Brännboll (/sv/, brentball, Brennball, lit. 'burn-ball'), also known as rundboll (rundbold, lit. 'round-ball'), and in parts of Finland, fyramål (Finland Swedish, lit. 'four-goal'), is a bat-and-ball game similar to longball, played at amateur level throughout Sweden, as well in Finland, Norway, Denmark and Germany.

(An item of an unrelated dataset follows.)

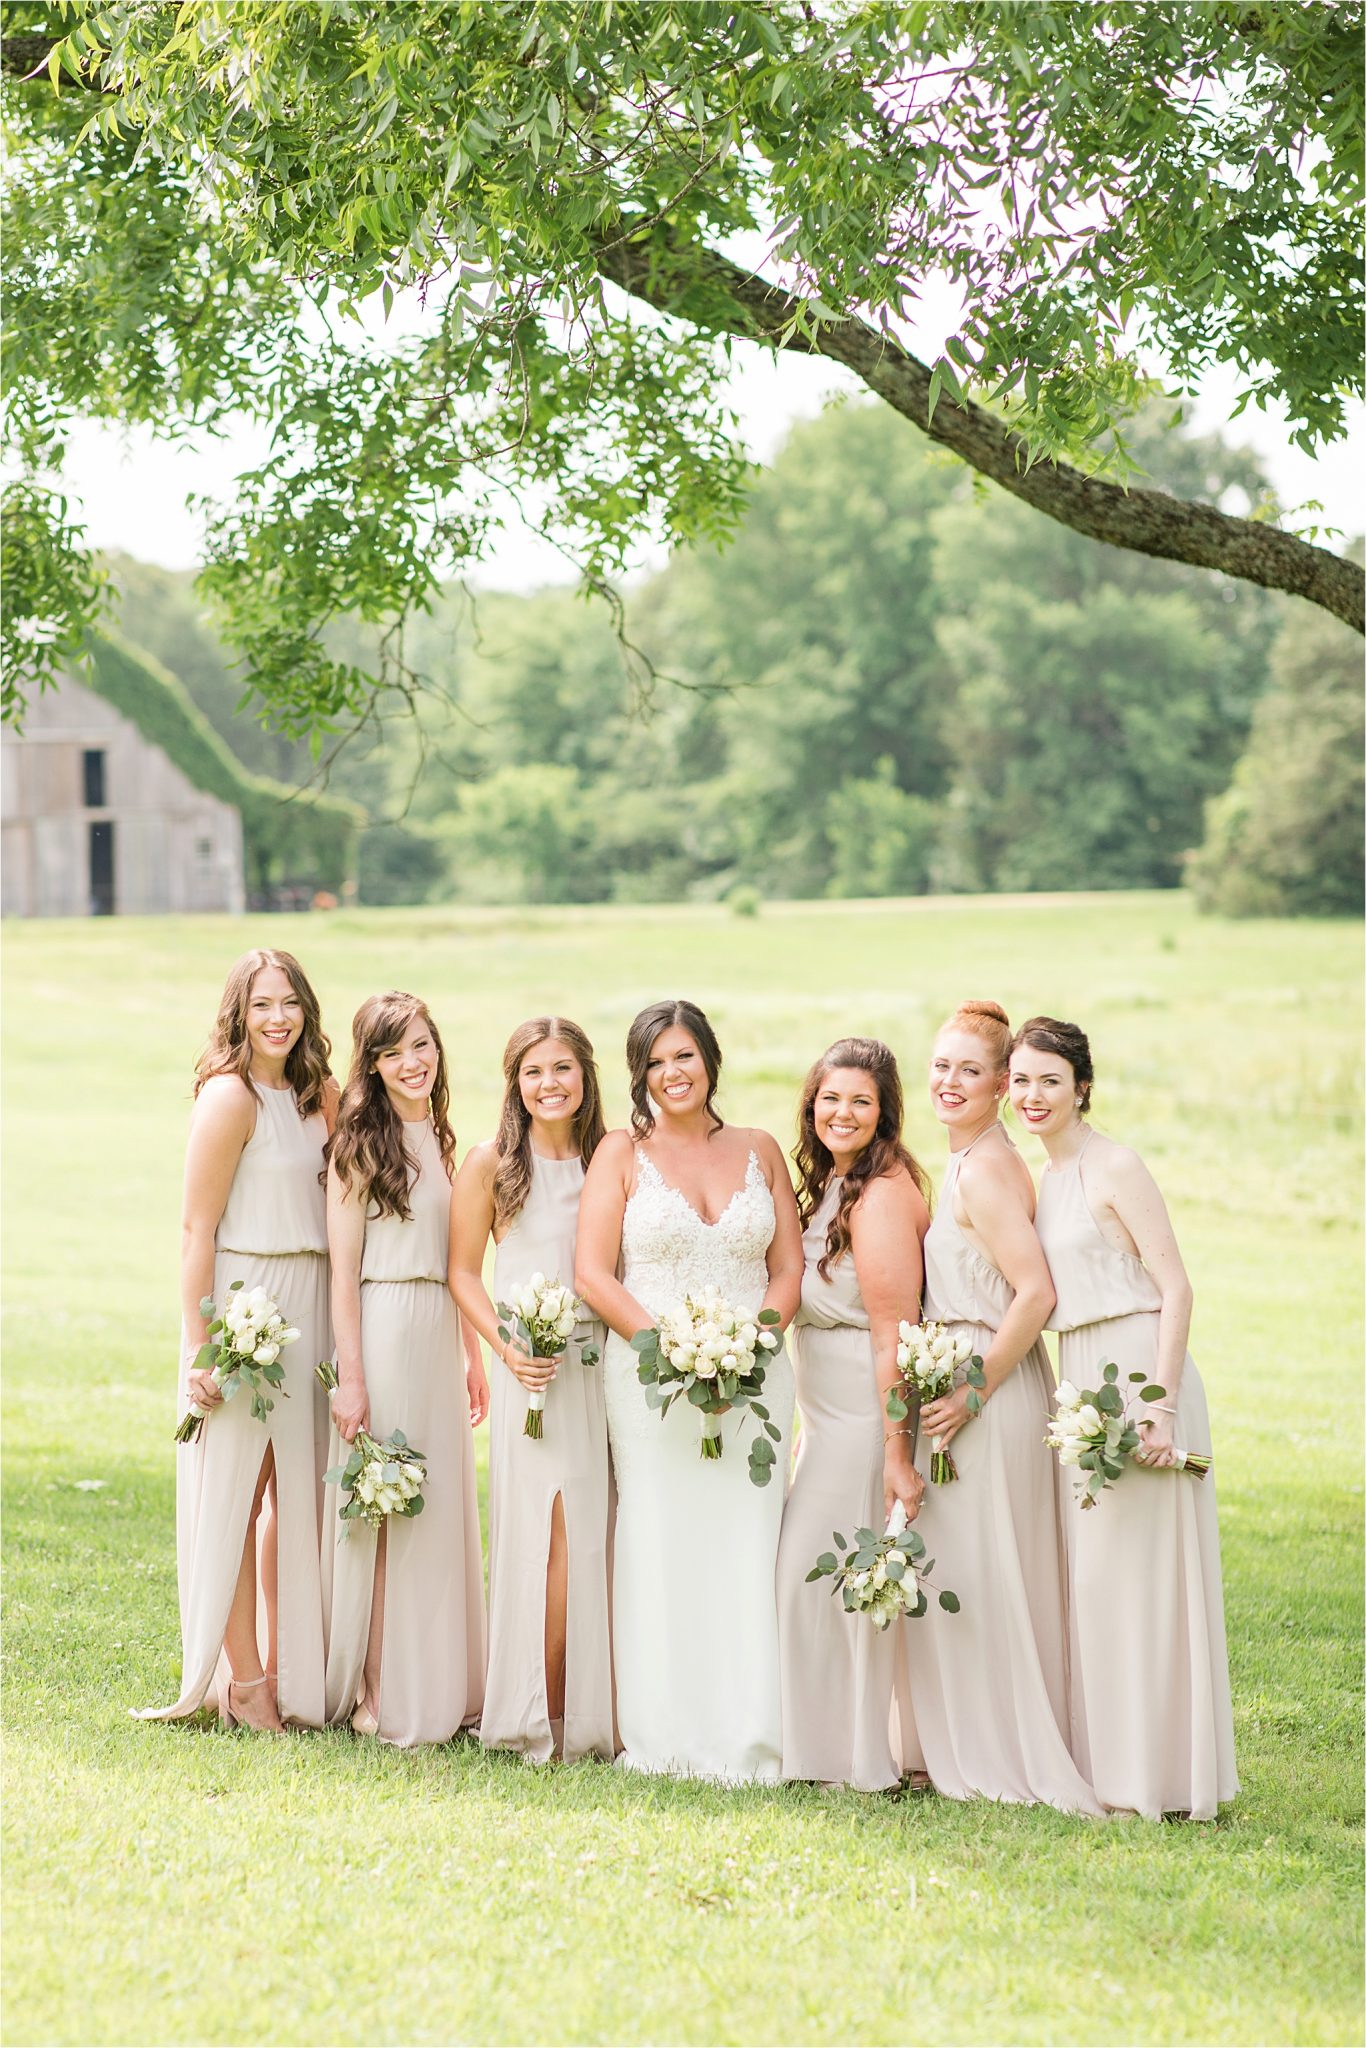 HHedge Farm Wedding, Alabama Wedding Photographer, Barn Wedding, Bride and bridesmaids, Neutrals

The game is mostly played on fields, sports grounds, and in public parks, but it is also part of the PE curriculum in some areas. The world championship, called Brännbollscupen, is an annual event in the Swedish city of Umeå.

== Name ==
The name brännboll (lit. 'burn-ball') is derived from the act of catching a player between two bases at the end of a batting round, referred to as "burning" them (bränna), roughly equivalent to being run out in cricket or out in baseball. The 'burn-ball' is also the German name for the game, Brennball, and in Norway, the name 'burn-ball' (brentball) is shared along slåball (lit. 'hit-ball') with Danish longball.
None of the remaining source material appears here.